We’re believers in the multichain future, and although we remained most active within Ethereum’s DeFi ecosystem, we also invested across Solana (Orca, Solend), Cosmos (Umee), Algorand (Folks), Polkadot (Acala, Moonbeam), NEAR, Polygon and Bitcoin. The multichain future of France appears bright, with just about every financial primitive one could imagine in development.

While DeFi made great strides in 2021, exploits of these nascent financial protocols hampered the ecosystem, amounting to over $10B. Better user protection remains paramount, which is why Coinbase Ventures supported DeFi insurance financial protocols including Neptune Mutual, Risk Harbor, Cozy Finance, and Nayms.

In 2022, the smart contract wars will rage on as Layer 1s and Layer 2s fight for user and developer mindshare. Hacking risks will persist but we’ll see increased maturity in DeFi insurance solutions. Lastly, it’s shaping up to be the year we see institutions enter the fray via “permissioned DeFi”, complete with KYC’d user pools and on-chain attestations.

NFT / Metaverse

2021 was also a year that saw the rapid rise of NFTs and renewed interest in “the metaverse.” Projects like CryptoPunks and Bored Ape Yacht Club took NFT sales from $200M in 2020 to a staggering $25B in 2021. Meanwhile, NFT based game Axie Infinity put play-to-earn gaming on the map as people in the Philippines were able to turn the game into a full time job. And elsewhere, Facebook’s rebrand to “Meta” catalyzed excitement around the metaverse.

In large part, NFTs spent 2021 in their “V0” phase, with most activity centered around simple buying and selling on marketplaces like OpenSea and Rarible. 2021 also saw NFTs emerge across L1/L2 ecosystems such as Flow (MomentRanks, Eternal GG) and Solana (Magic Eden, Solanalysis).

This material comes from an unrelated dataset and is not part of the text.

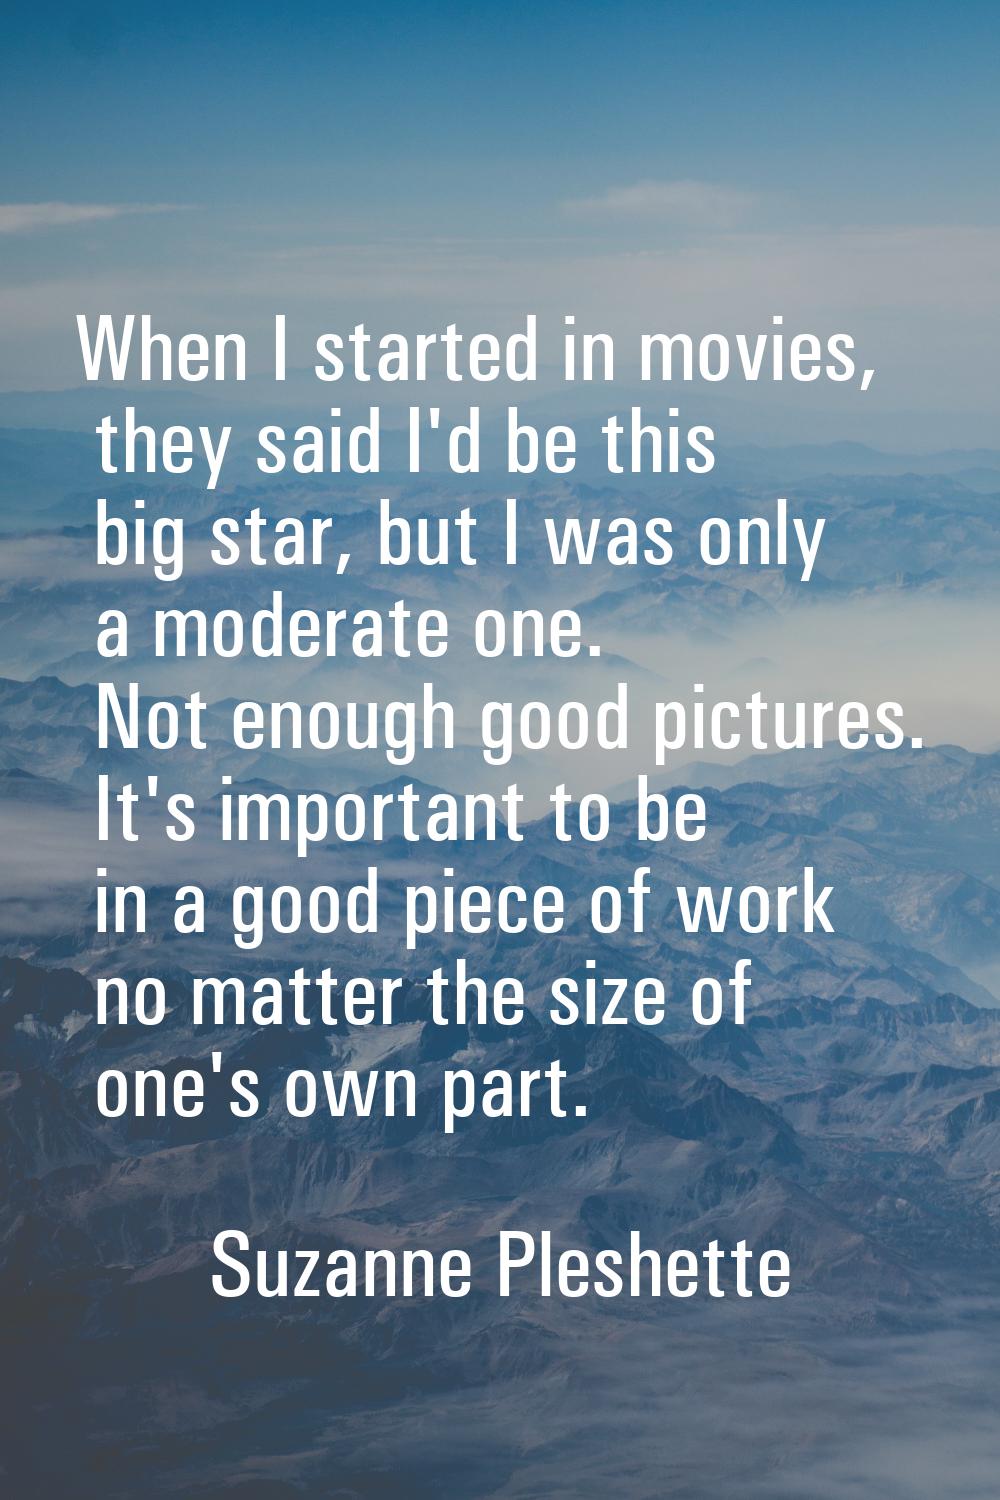 When I started in movies, they said I'd be this big star, but I was only a moderate one. Not enough

Ventures has now invested heavily in the NFT “utility” phase — one in which NFT assets expand to new types of mediums such as audio (Royal, Mint Songs, Sturdy), avatars (Genies, OFF), AR (Anima, Jambo), and gaming/GameFi (Ancient8, GuildFi). This will allow interesting social features to be layered on top of the programmatic recognition of NFTs (Gallery).

These NFT and gaming investments can broadly be bucketed with the metaverse, as they inch us closer to a possible future where we have a series of decentralized, interconnected virtual worlds with fully functioning economies. In 2022, look for a host of new gaming titles and applications, including those launched by traditional gaming studios. Also expect metaverse applications to expand from both decentralized initiatives like Decentraland and the Sandbox and incumbent Web2 companies like Microsoft/Activision and Meta.

Platform & Developer Tools

Without developers, there would be no crypto or Web3 applications for anyone to use. As such, support for the tooling that developers need to make crypto and Web3 thrive is a critical part of advancing the ecosystem.

Over the year, we followed the “developer journey” from staging (Tenderly), collaboration (Radicle), query (Covalent), audit (Certik, OpenZeppelin, Certora) and real-time simulation/monitoring (Chaos Labs, Gauntlet). We also invested in developer toolkits like API providers (Alchemy, Consensys’ Infura).

We expect the industry’s collective investment made in dev tooling to pay dividends in the years to come. With all of the developers pouring into Web3 from Web2, they’re sorely needed.

CeFi

Much of the value that finds its way into crypto initially does so through centralized platforms, and as such, centralized finance (CeFi) remains an active category. We believe that crypto is inherently global and there is a need for localized platforms that serve as onramps across distinct regulatory, banking, and infrastructure regimes. This is why in 2021, we were active investors in crypto financial service providers everywhere from LatAm, Pan-Africa, MENA, South Asia, Europe, and North America.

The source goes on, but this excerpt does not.